I am experiencing a performance issue in my dataloader that I’d appreciate some help with. The crux of the issue is the following.

for i, data_to_feed_model in enumerate(dataloader):
     end = timer()
     if i > 0:
          print(f"Time spent waiting for batch from dataloader = {end - start}")

     ## Perform model forward, backward with data_to_feed_model ##

     start = timer()

The collate_fn of my dataloader has a bottleneck function that is basically doing the following:

for i in range(N):
     samples = torch.multinomial(...)

I have also implemented a version of this critical section in C++ and exported it as a pybind11 module and that gives me about a 4x speedup for my problem size when timing that critical section on its own.

However, when timing how long the main training loop spends waiting for a batch from the dataloader I notice the following:

  1. For the C++ implementation - when using multiple workers in my dataloader the time it takes to wait for a batch in the training loop scales linearly upto 4 workers - i.e. there is a linear decrease in the time when scaling from 1 - 4 workers.
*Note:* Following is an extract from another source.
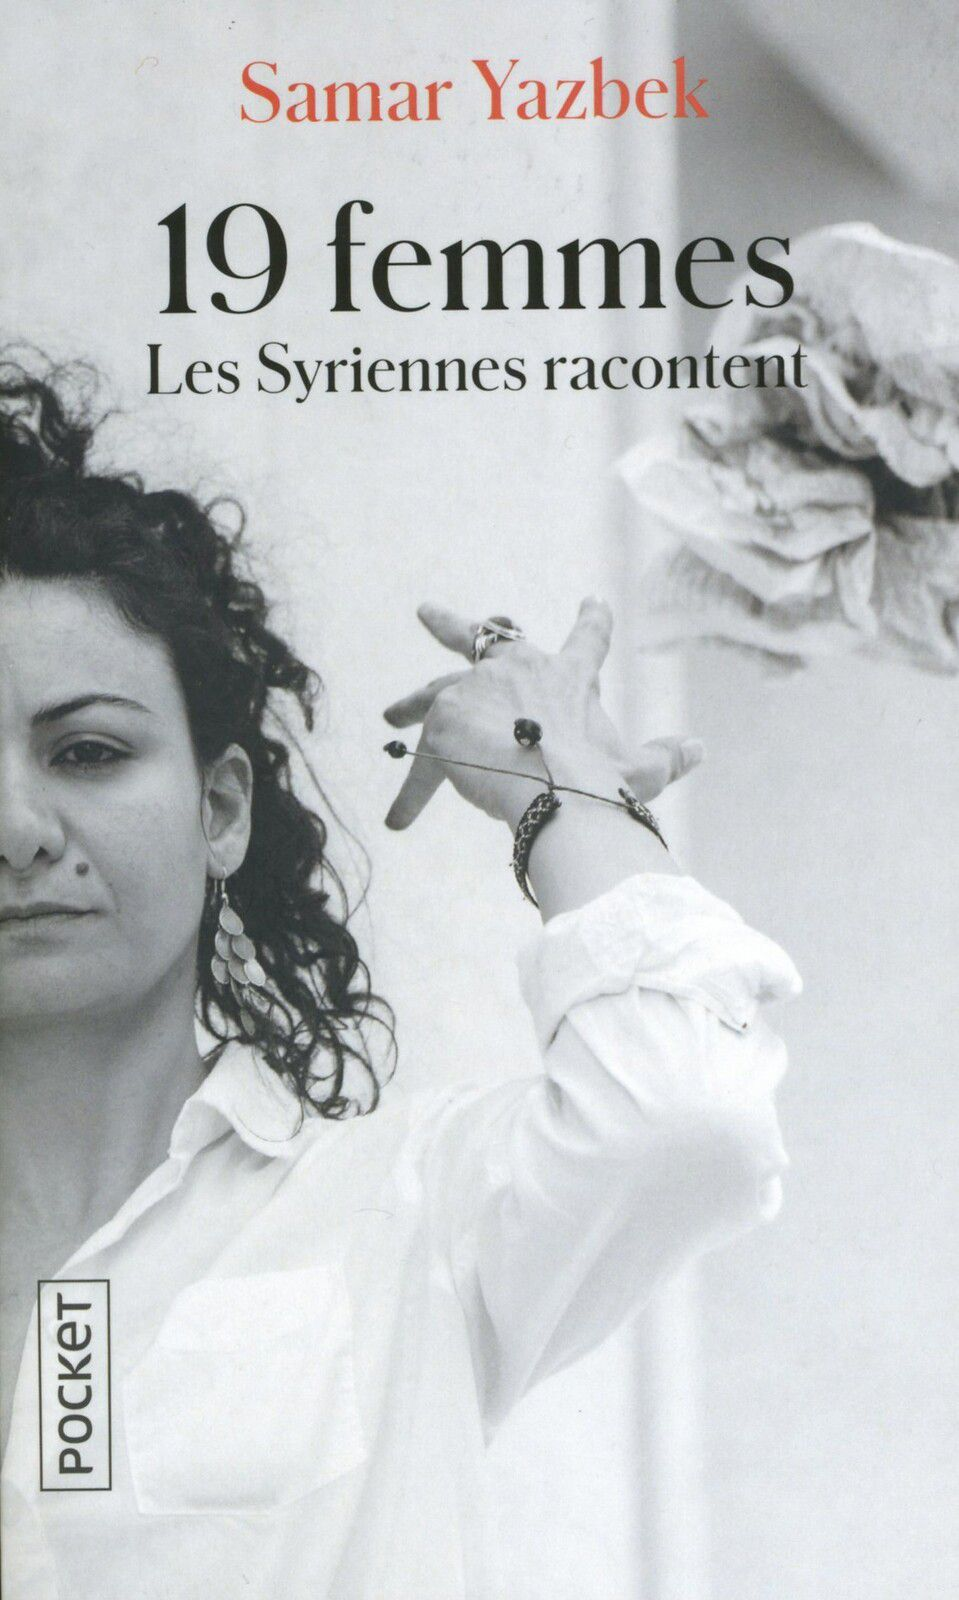 Samar YAZBEK 19 femmes-Les Syriennes racontent

But when I use 8 workers there is no decrease in the waiting time and takes just as long (if not longer) to wait for a batch as it did in the 4 worker case. However if I comment out my entire training loop and only pull batches out of the dataloader and never use them in any actual computation, like so:
for i, data_to_feed_model in enumerate(dataloader):
     end = timer()
     if i > 0:
          print(f"Time spent waiting for batch from dataloader = {end - start}")

     start = timer()

It continues to scale linearly upto 64 workers.
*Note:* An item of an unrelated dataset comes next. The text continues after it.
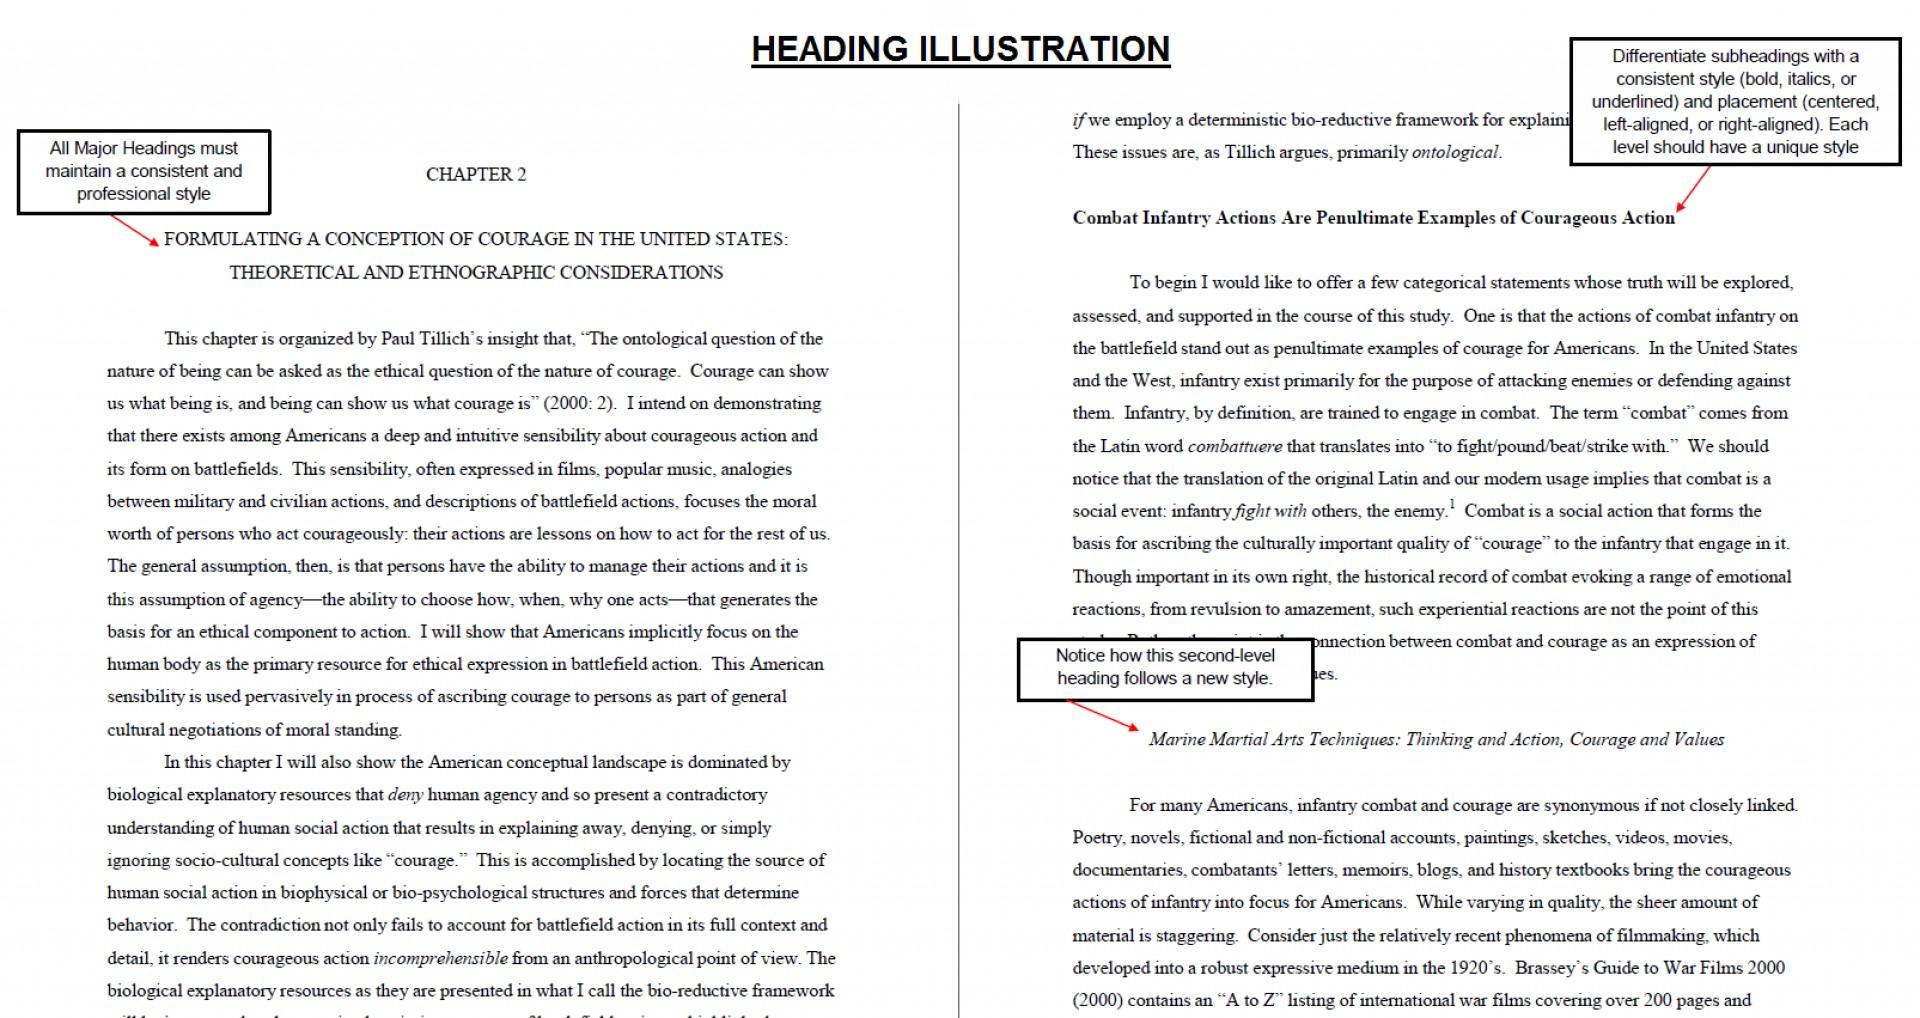 003 Essay Example Headingsillustration Png Surprising Subheadings Format Academic Writing 1920

  1. For the Python implementation - the same issue still exists, however, peculiarly that threshold beyond which it stops scaling is reached at 16 workers (where as with the C++ implementation of bottleneck it was reached at 4 workers). And once again, if there is no actual computation in the training loop, it continues to scale up to 128 workers.

I would really appreciate some help trying to understand what’s going on here.

Thanks you very much for your time in reading this and any pointers you can give me. If there are any clarifications questions you have, I’d be more than happy to answer them.

How many physical CPU cores are available on the system you are benchmarking on? In many cases numerical preprocessing won’t scale beyond the number of physical CPU cores.

Additionally, is there any device-side work/host-to-device transfers occurring? If so you might need add synchronize calls to ensure that the timing is being done properly.

Hi there thanks for getting back to me:

  1. Here’s a snippet from lscpu on my benchmarking machine:

Architecture: x86_64
CPU op-mode(s): 32-bit, 64-bit
Byte Order: Little Endian
Address sizes: 52 bits physical, 57 bits virtual
CPU(s): 160
On-line CPU(s) list: 0-159
Thread(s) per core: 2
Core(s) per socket: 40
Socket(s): 2
NUMA node(s): 2
Vendor ID: GenuineIntel
CPU family: 6
Model: 106
Model name: Intel(R) Xeon(R) Platinum 8380 CPU @ 2.30GHz

So it looks like I have plenty of CPU cores.

  1. I do not have any async host to device transfers happening in my code, they’re all happening with blocking calls (non_blocking=False)

Interesting, could it be possible that you are saturating the device bandwidth with four workers already?

I would try to check how many samples/batches are copied to device memory per second via some napkin math and see if the bytes/second achieved there makes sense.

I’m confused why host to device transfer bandwidth would matter here? Or more specifically why employing more dataloader workers puts more pressure on that bandwidth? It’s still only copying one batch worth of data from host to device in each iteration right?

If it matters I am using an H100 GPU.

Thanks again for your responses!

I am also noticing a few more things:

  1. When monitoring CPU% of each process, the CPU% of the main process increases when I add more dataloader workers, and is always more than 100% for num_workers >= 8 (Over 300% for num_workers=16). Is this expected behavior?

  2. The CPU% of each of the dataloader worker processes is < 50%, regardless of the number of workers

  3. Upto 8 workers, restricting the number logical cores visible to the worker processes (with taskset) such that only num_workers number of logical cores can be used seems to improve performance by about 10%.

Not sure if any of this helps in understanding what’s happening but I thought I’d post them anyway.

Any pointers are greatly appreciated!